→ **WHAT TO DO**: Could you please output only the lines from the one holding "314 W Harding" through the end of the listing below, exactly as written and without pictures?

→ **SUPPLIED DATA**:
*** Block opens ***
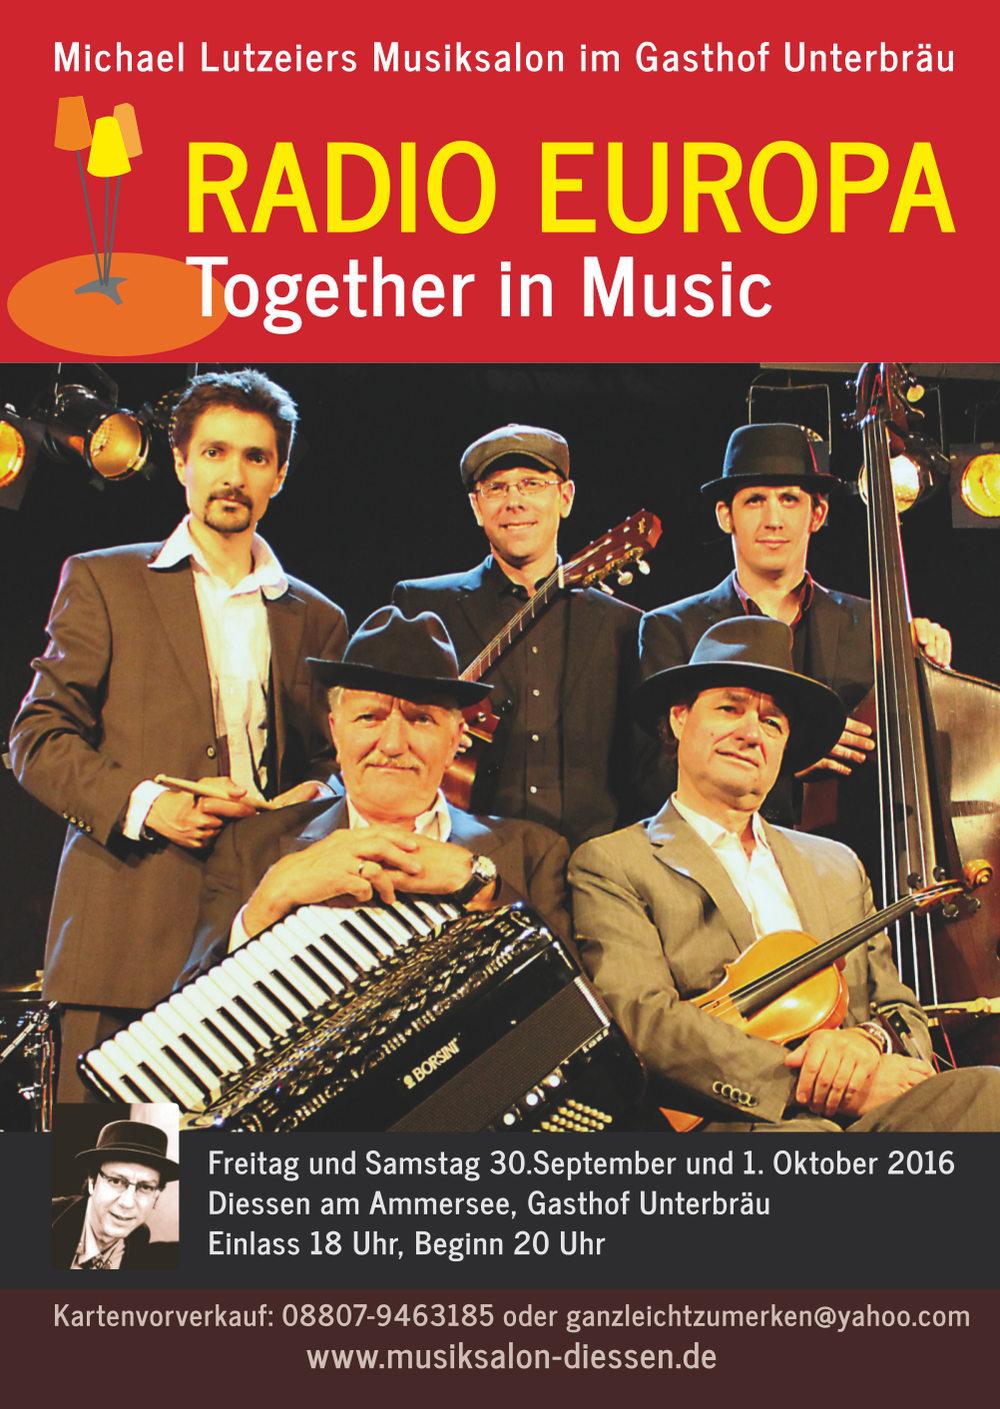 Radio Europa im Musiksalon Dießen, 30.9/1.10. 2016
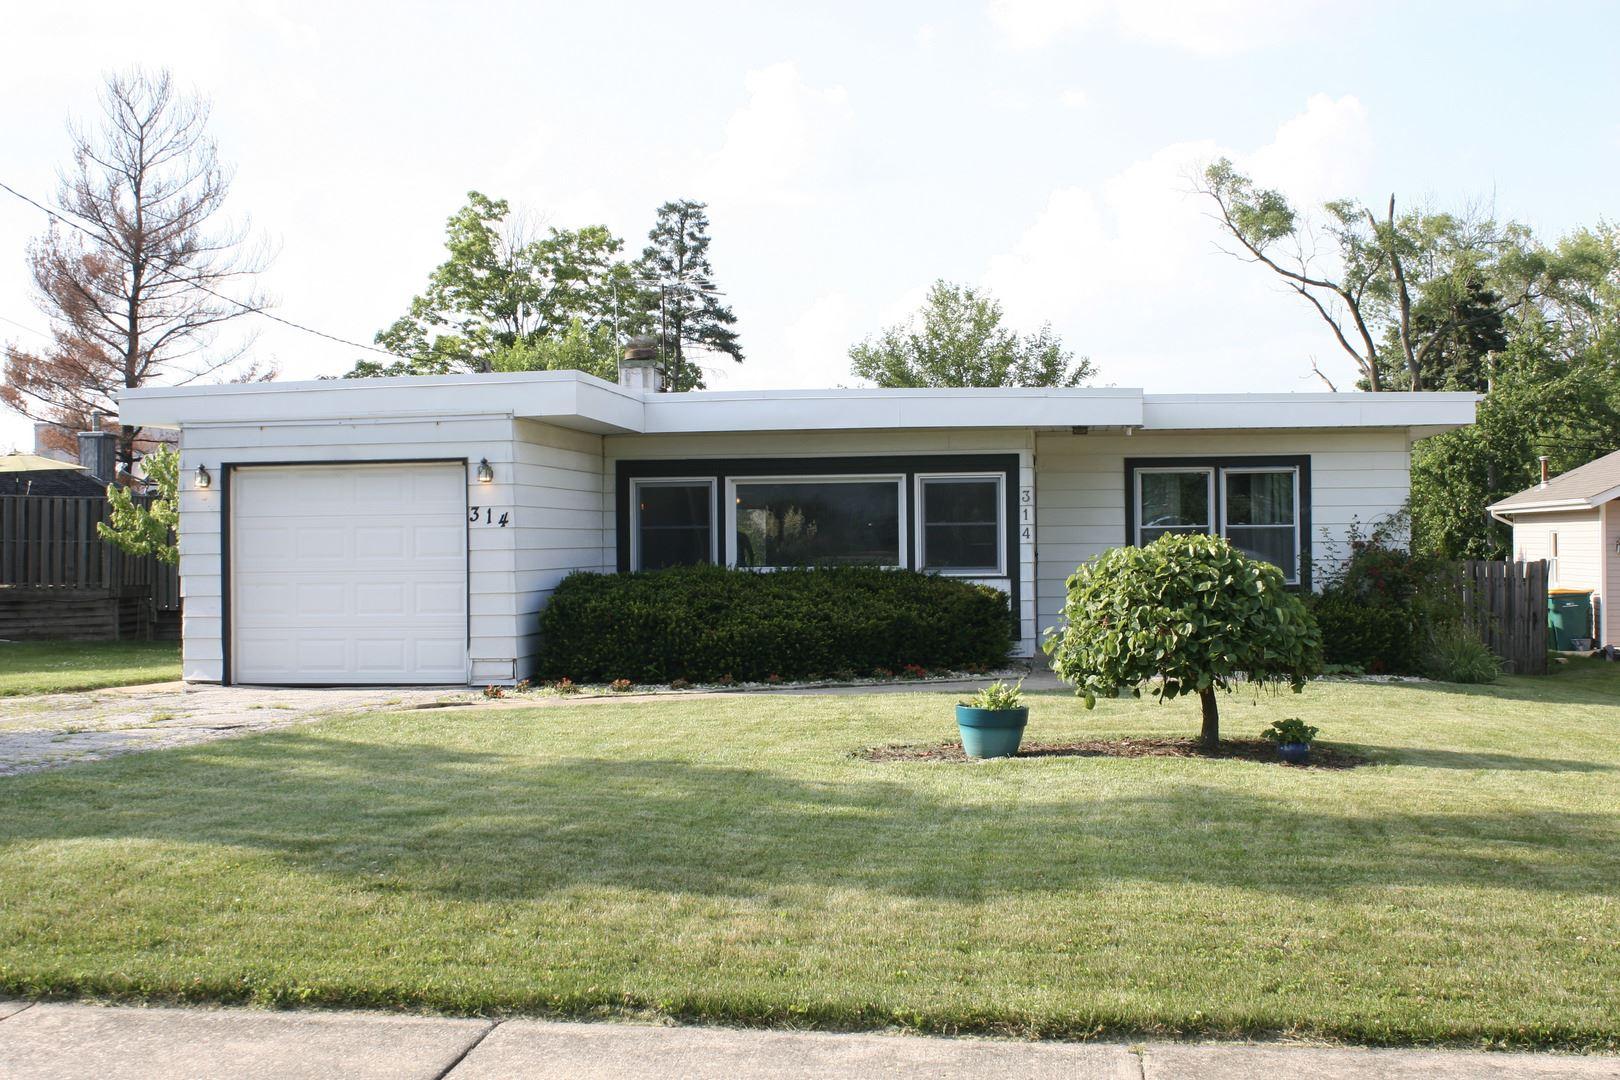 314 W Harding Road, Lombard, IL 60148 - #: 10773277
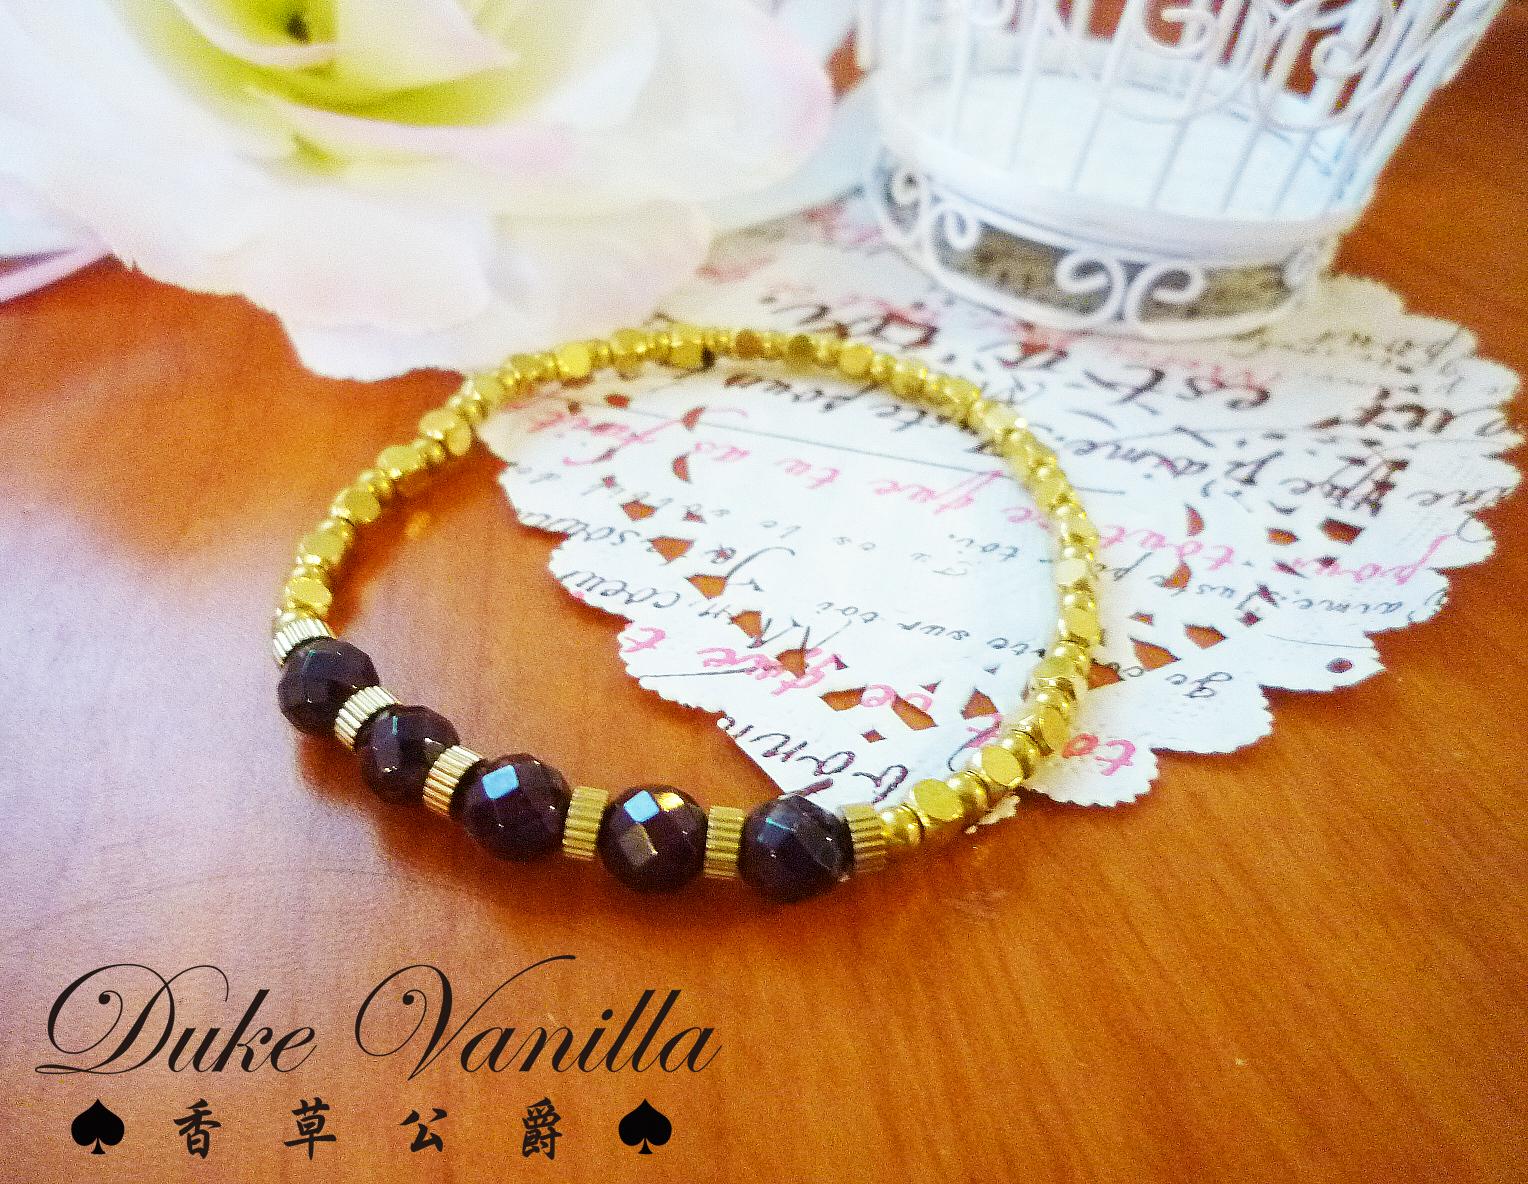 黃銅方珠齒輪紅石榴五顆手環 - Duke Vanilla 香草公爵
*** Block closes ***
→ **RESPONSE**:
 314 W Harding Road, Lombard, IL 60148 - #: 10773277
 黃銅方珠齒輪紅石榴五顆手環 - Duke Vanilla 香草公爵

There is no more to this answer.